The final kilometre is spent weaving through the colourful streets of the silver mining town of Batopilas, the second “Magic Town” of the week, and as competitors turn the final bend they are greeted with a wave of noise, children lining the streets and a finish line where cold beer and real food awaits. This is #theultraXperience and this is the moment everyone has been waiting for.
Emotions are high amongst the competitors and everyone remains cheering finishers until the last are home safely. Each person home was welcomed with open arms to the extent that directors and staff were often amongst the last to be able to congratulate those crossing the line and hand over their well-earned Ultra X Mexico medals.
Having finished in the main plaza, competitors do not have to move, as this is also where the finishing party is. A huge barbecue is the order of the day with local wheat beer brewed specially for the occasion, an intimate prize giving ceremony is followed by local musicians and dancers before getting some much-needed rest and the coach ride back to Chihuahua the following day.
Day 5 Standings
1. Marina Ranger 05:35:43
2. Sayuri Imanishi 06:23:25
3. Alise Miksta 07:20:24
1. Miguel Lara 03:28:15
2. Silvino Cubesare 03:44:11
3. Jason Schlarb and Gediminas Grinius 03:45:09
Ultra X Mexico had been billed as the toughest multi-stage race on the planet with the hope that those who came would respect the challenge of the canyons and be well prepared. It was the race for the experienced ultra-runner who wanted to challenge themselves in the toughest conditions. In hindsight, perhaps it should have been billed as the world’s most unique ultramarathon.

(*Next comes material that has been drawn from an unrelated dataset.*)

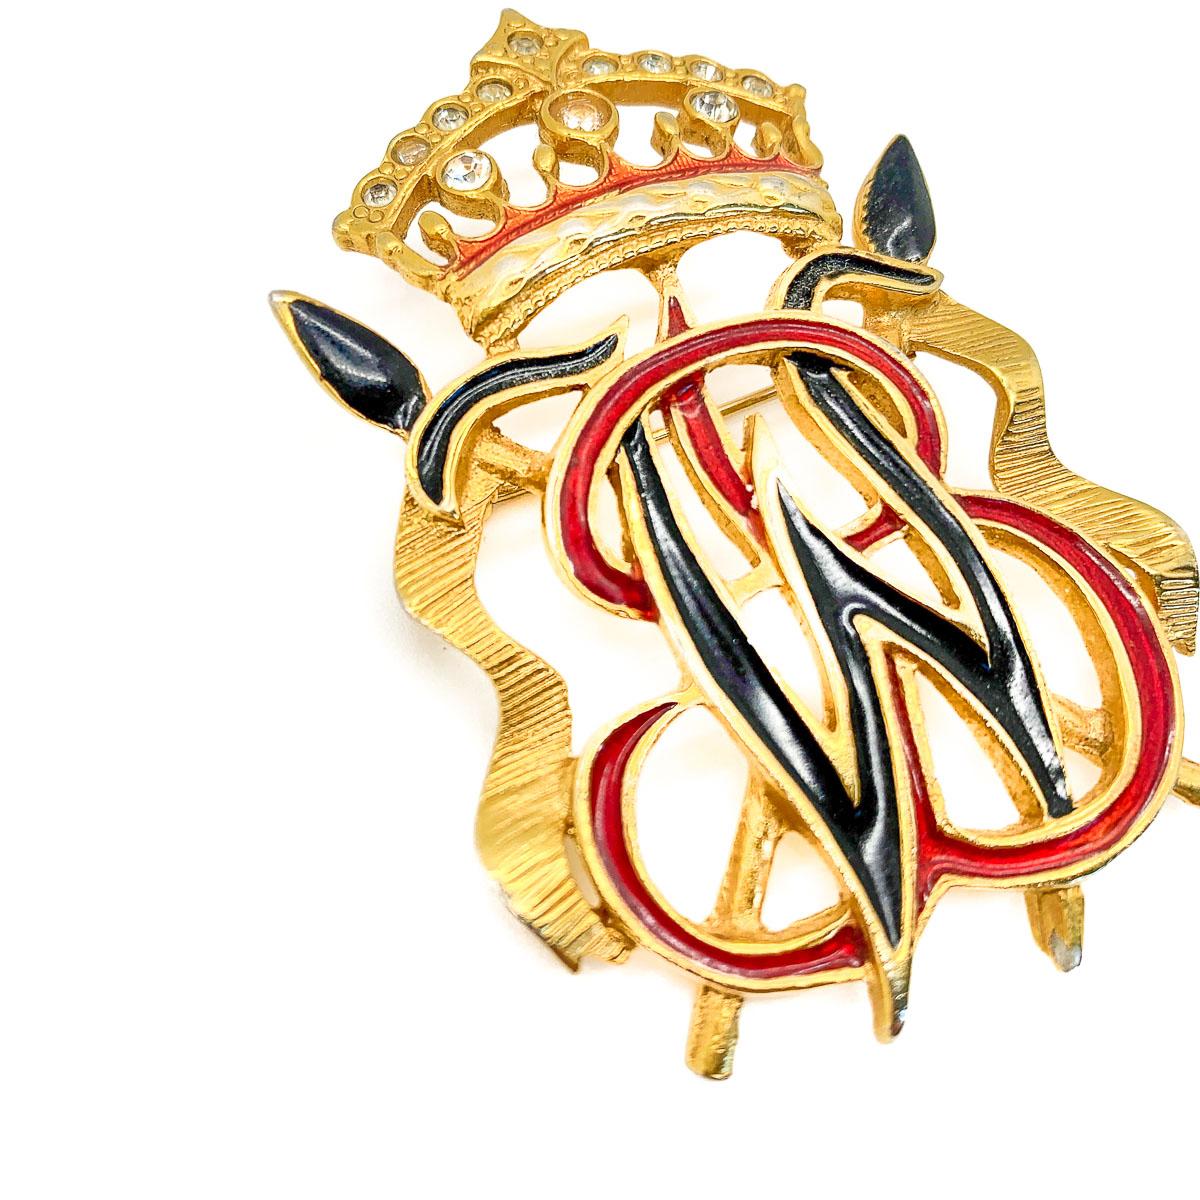 A Vintage Butler & Wilson Heraldic Brooch from the 1980s. Crafted in gold plated metal and adorned with enamel and rhinestones adoring the intertwined initials of this world famous jewellery company. In very good vintage condition. Signed. Approx.

The ultrarunning culture of the local area means that when participants arrived in Creel, leaving the world of Wi-Fi, email and Instagram, they entered a bubble that only stage racing in such an environment can create. The race was in fact just a vehicle in which the participants could immerse themselves into the Copper Canyon experience — the villages, people, and the joy of running on some of the world’s best trails.
Running alongside the Rarámuri, who gave their all every single day despite not having all the advantages of technology, nutritional science or routine training provided a priceless experience. A lot of emphasis on races such as these can be put on the route, the distance and the elevation, but it is often forgotten that the most important part of these events is spending quality time together with others in a magical outdoor place.
As Caballo Blanco says in the famous book Born to Run “we run not to beat each other, but to be with each other”. This race certainly backed this up and the memories formed last week, and friendships created while in the Copper Canyon will be priceless and last forever.
As director it was a pleasure to meet such an inspiring group, who all arrived as individuals, made it through the week, and left as a family.
Well done, thank you and congratulations to all.